I don't feel Christian girls are easy for a date. I feel like they are easy for a good thought.
Maybe I am a bad guy for not being in Church already.


murder you can tap your foot to


Who can avoid the ubiquitous guitar-smash--that guitar-o-cide that has been so prevalent in the last 40 years? The broken guitar has been somewhat of a sign of the end of the set. And who can really tell whether or not the guitars are punished because the drugs have worn off or have just started to climax. Whatever the case, a rock band's emotional involvement is often considered directly proportional to the degree to which their stage is destroyed. And it is not entirely uncommon to see rockers destroy just about every piece of sound equipment on stage--rock band manager's cannot be anything other than upset. But what's even more strange than the execution of sound is the sanguine acceptance and downright approval of the audience. It is almost as if witnesses to this melodic massacre don't only applaud the mic's condemnation, they encourage it--nay they expect it. But what an irony, right? Because isn't the essence of the rock band the guitar? Aren't the drums indispensable? Isn't the bass fundamental? So when the rocker's crush their instruments, shouldn't we all recoil in disgust as if from cannibalism? Because, frankly, the guitar pays the mortgage.

But we don't recoil. We, as the respective audience members, don't protest the onstage atrocity. We clap. We cheer. How do we accept this horrible fact of rock? How is this just in the rock universe?

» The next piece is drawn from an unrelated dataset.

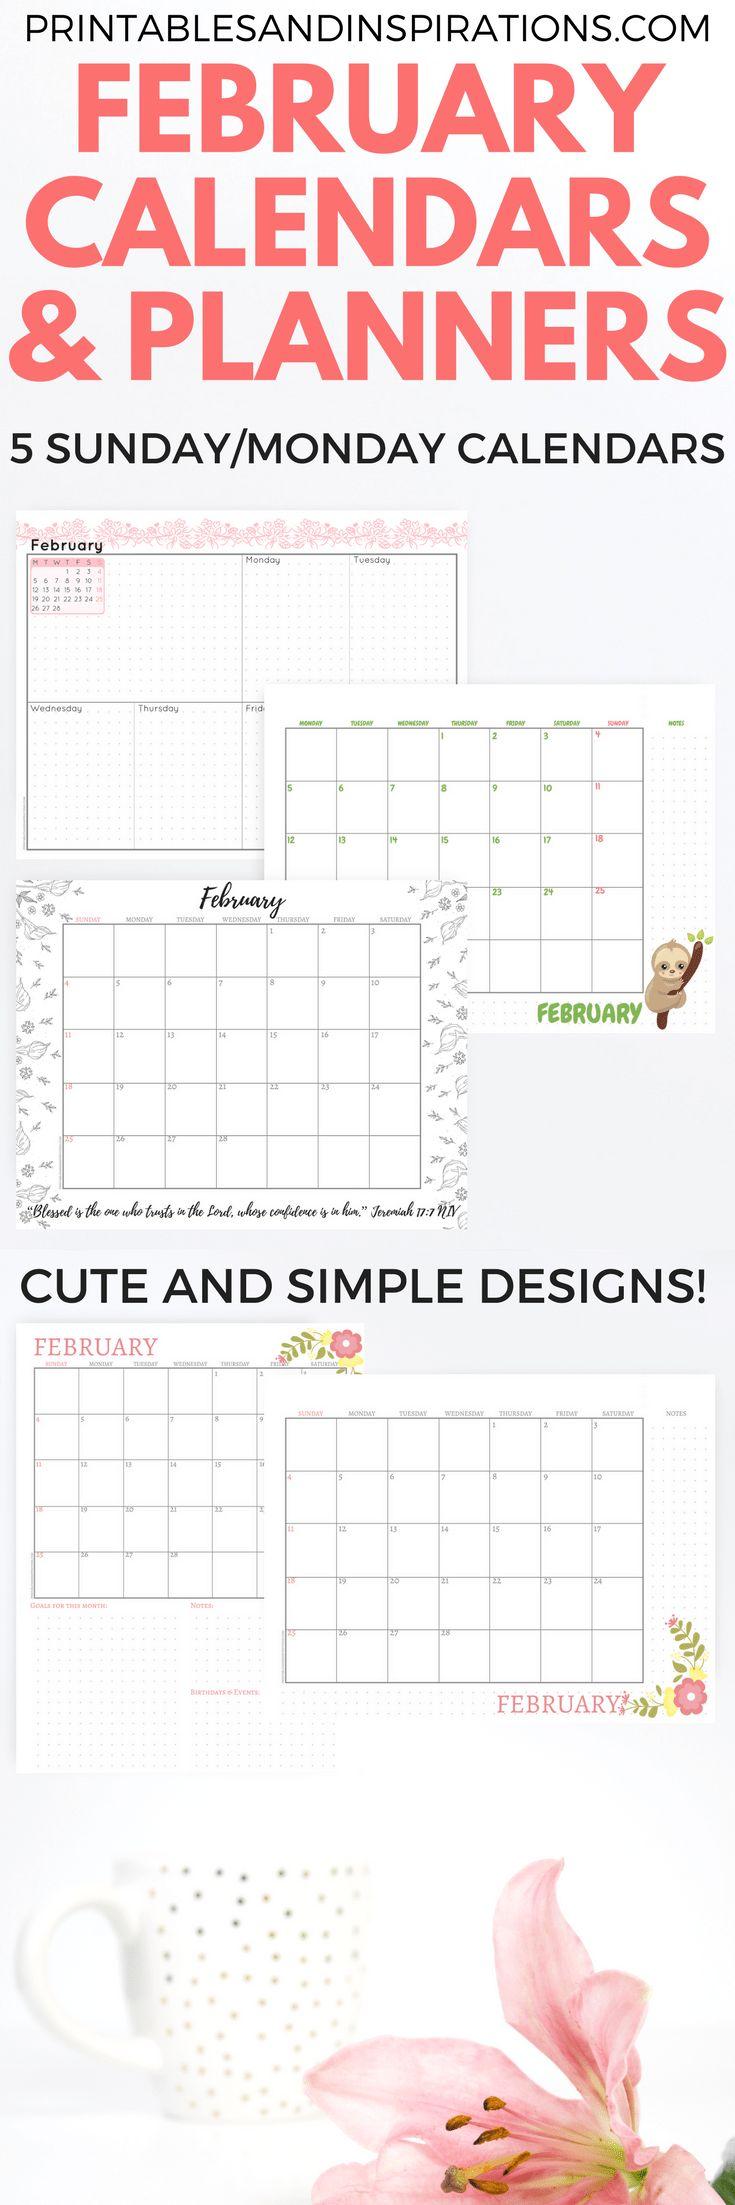 February 2018 printable calendars, printable planners, monthly planner, weekly planner, February calendar printables

The guitar smash is not just a crime of passion. The guitar smash is the full-fledged signification that rock and roll, at its essence, is not about 4-4 beats and power chords: it's about a lifestyle. The guitar smash is proof that rock music is something that lives in the blood of the makers. The guitar is merely a messenger of internal struggle--that adolescent angst. So every time a rocker smashes his guitar and kicks the bass drum, he isn't saying that he is passionate about that particular song or even that he is extraordinarily high. Instead he is saying that rock never was, or ever will be, about the music.